Por Miguel de Loyola

Un cuento clásico para ser tratado y estudiado en un taller literario es Una rosa para Emily, del Premio Nóbel norteamericano William Faulkner (1897-1962). La anécdota, aparentemente sencilla, adquiere múltiples dimensiones una vez concluido el relato.

Eso no ocurre en la gran mayoría de los cuentos de autores que si bien denotan oficio, carecen de profundidad para proyectar más allá de los hechos mismos relatados. La particularidad de la narrativa de Faulkner es precisamente esa, y de la buena literatura en general, traspasar los horizontes siempre cerrados de los hechos, de lo meramente anecdótico. La clave, en Faulkner, está en proyectar una situación desde distintas perspectivas, usando para ello una gama ilimitada de narradores. El Nóbel norteamericano, en ese sentido,  hace muy suya la máxima nietzscheana: no hay hechos, hay interpretaciones, dejando de esta manera en completa libertad al lector para que juzgue e interprete por sí mismo.

Un cuento clásico se caracteriza fundamentalmente por su estructura formal. Es decir, aquel que se plantea en términos de presentación, clima y desenlace. Es lo primero que podemos constatar En una rosa para Emily. Sin embargo, el narrador -y esta es la particularidad de la narrativa de Faulkner, y de la que se nutrió posteriormente la literatura del llamado boom latinoamericano- adquiere múltiples perspectivas, perspectivas que por cierto escapan al llamado cuento clásico, donde el narrador suele ser uno solo. Así, en el citado cuento, la voz del narrador –de quien cuenta la historia- no es singular, sino plural, se trata de una voz colectiva, concentra la opinión de toda la comunidad de la mítica ciudad de Jefferson. Es decir, quienes cuentan la historia de Emily son sus vecinos, la ciudad completa.  
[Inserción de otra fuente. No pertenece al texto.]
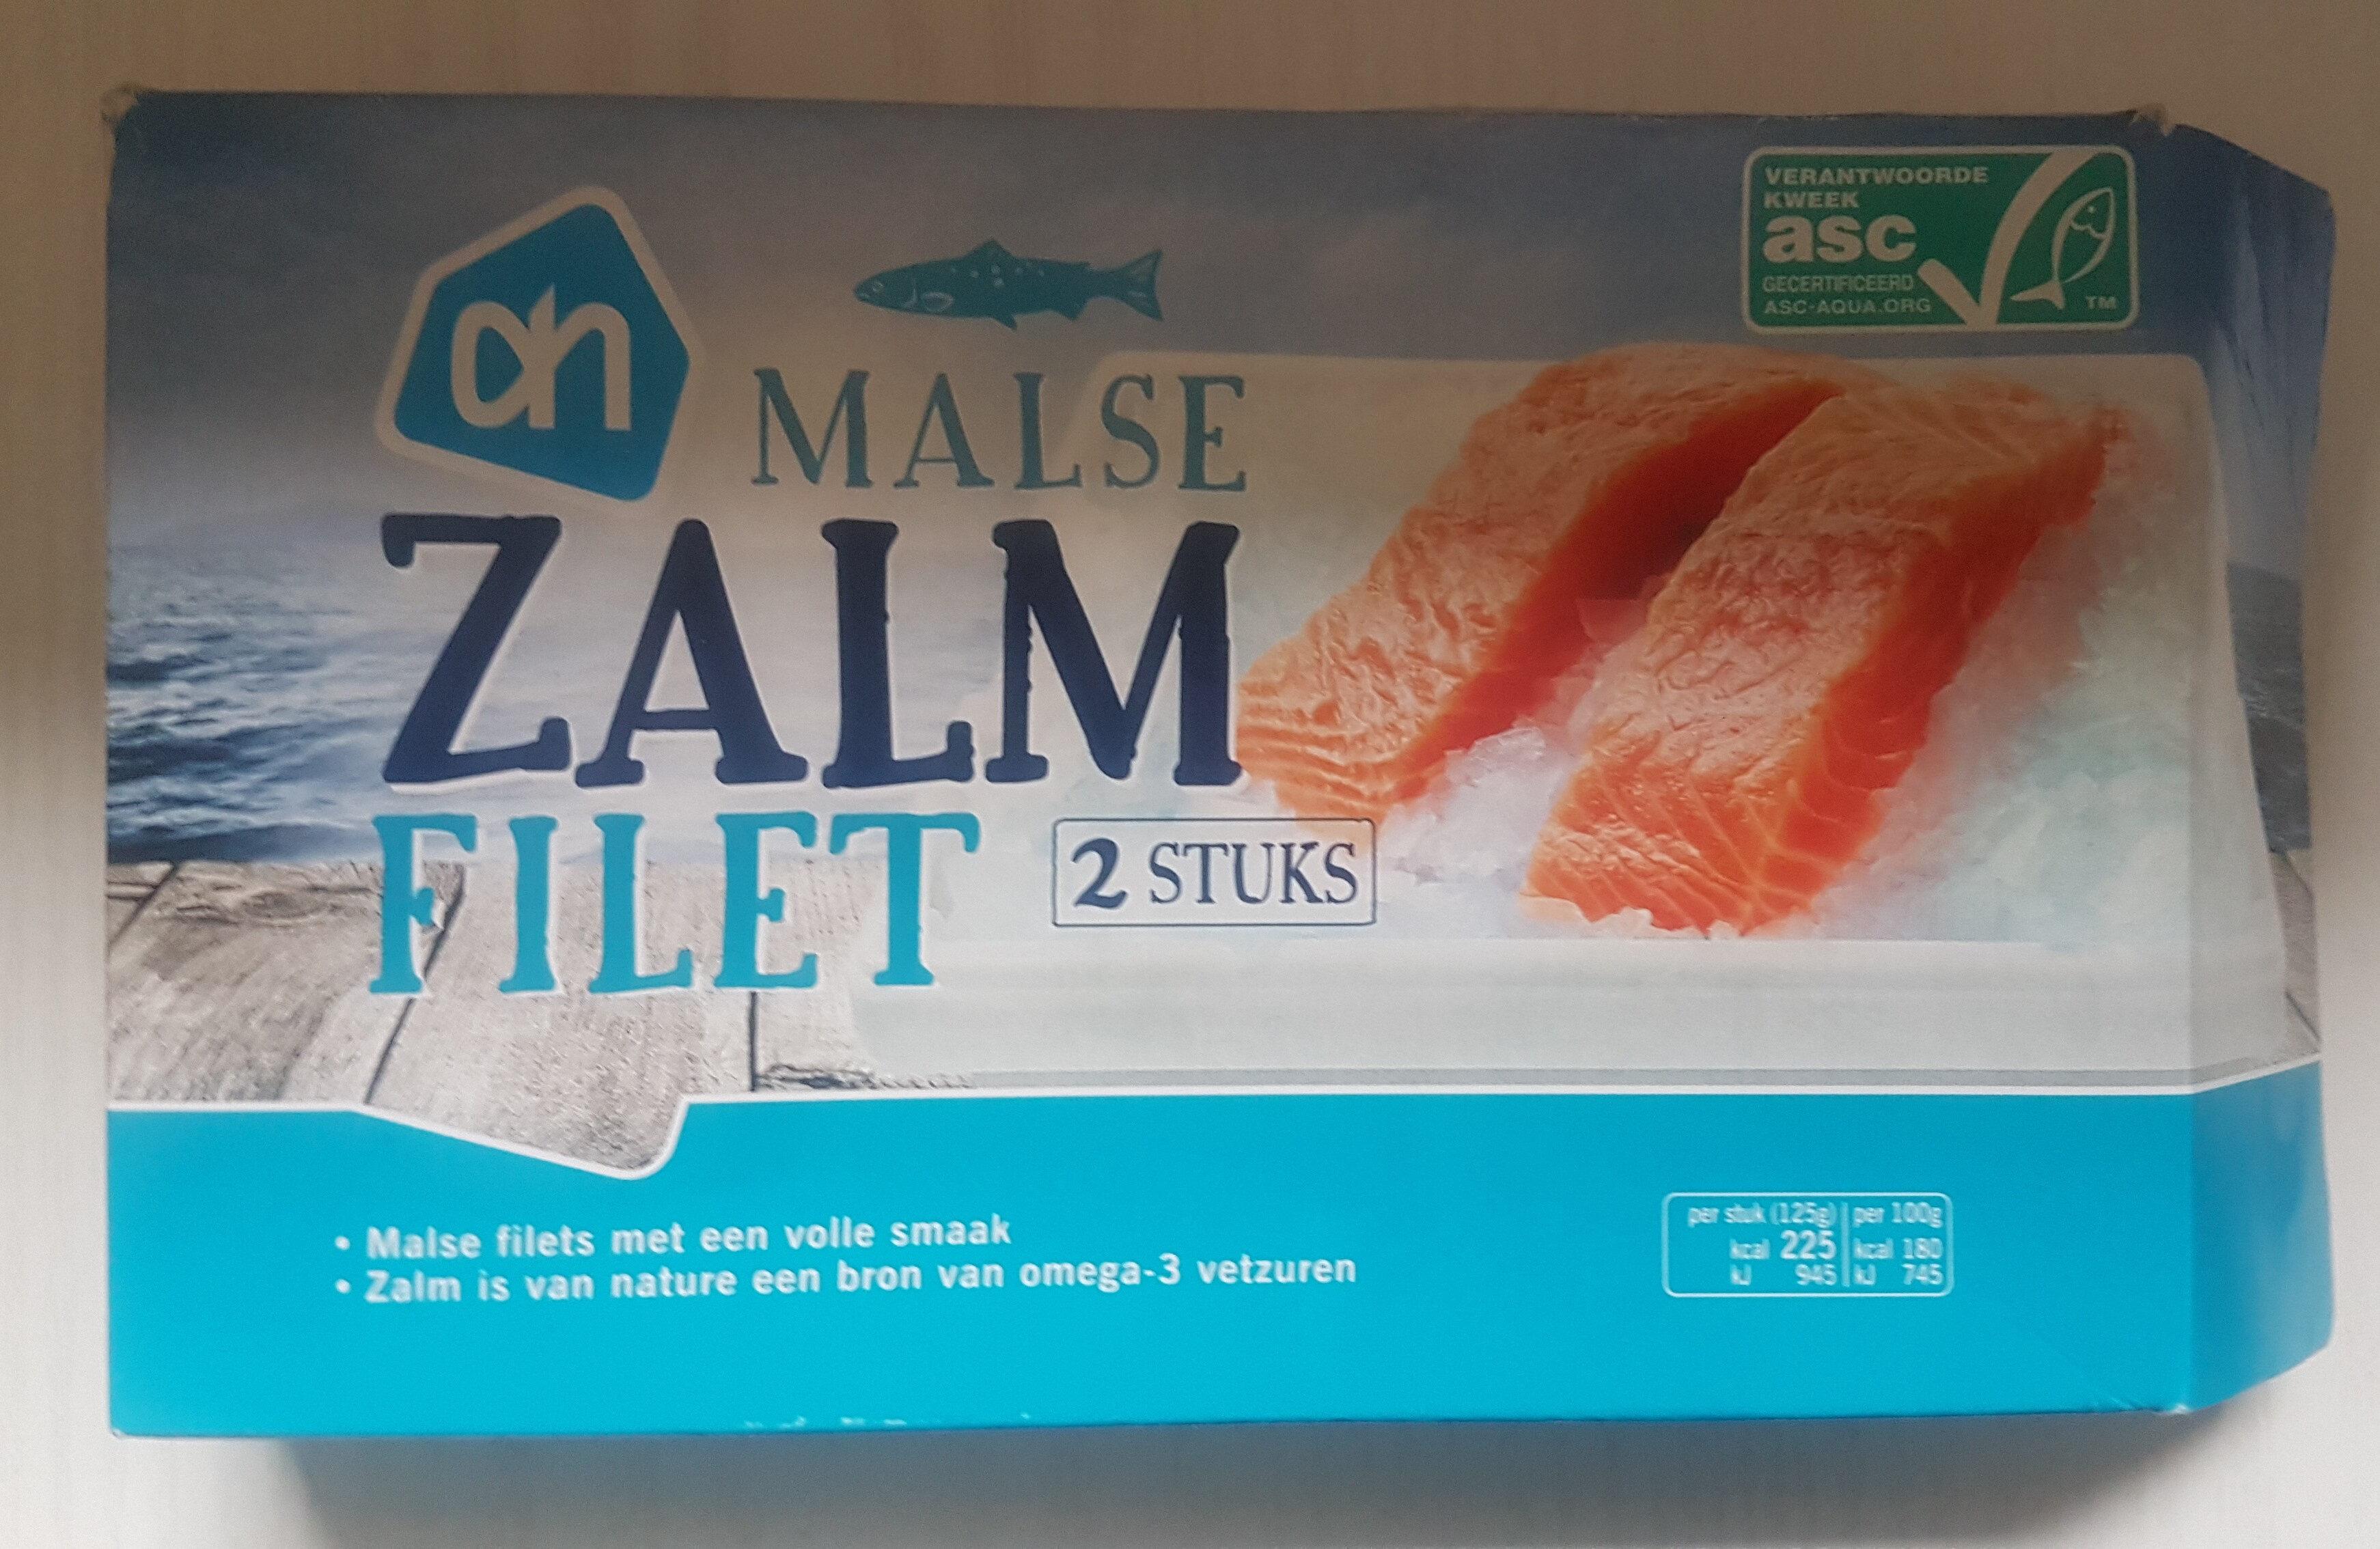 Malse Zalm Filet - Product - nl

Faulkner articula sus relatos de esta manera para imprimirles veracidad, pero también para llevar al lector al juego de la duda. La duda que -recordemos- a juicio de los filósofos, es siempre el mejor camino para la verdad. Desde luego, Faulkner nos quiere dar a entender la suya, y posiblemente llegamos a ella, a entender su visión de mundo, a comprender el complejo reticulado psicológico de los hombres del sur, pero lo hacemos después de un proceso de entendimiento que en nada se parece a las explicaciones que pudiera darnos un historiador, un psicólogo, un antropólogo. Llegamos a ella a través de las llamadas categorías estéticas, que es la fórmula del saber del arte, y de la comprensión más honda de lo humano. Una rosa para Emily entrega así de manera comprimida y magistral, el perfil completo de una personalidad donde es posible leer y advertir el entretejido de una clase social que ha llegado a su fin.

La historia, cuyo final para muchos puede resultar macabra, termina por acotar la complejidad de una clase social que sabía imponerse a las otras no por la riqueza, como en la actualidad, sino por su tradición y apellido. Y a la cual, por cierto, no se le perdonaba tampoco el contacto con clases menores, como queda completamente demostrado en la relación de Misss Emily con el capataz de la compañía constructora Homer Barron. Una relación para la ciudad de Jefferson tan imperdonable como el orgullo de Miss Emily. Es decir, y aquí tomamos conciencia hasta donde nos lleva a reflexionar este breve relato, Faulkner denuncia el entrabado carcelario que imponen y se autoimponen las clases sociales para cerrar sus círculos, donde sólo las nuevas generaciones pueden o podrán destrabar sus prejuicios y necedades.

Una rosa para Emily, esconde la radiografía completa de una sociedad caduca, simbolizada en la simpleza de una mujer que se apartó y fue a su vez apartada por sus vecinos, aunque jamás vencida, pero carente de afectos, solitaria y olvidada. Tras el descubrimiento final de la historia, queda al descubierto su enorme desamparo existencial, junto al fragor de sus sueños amorosos.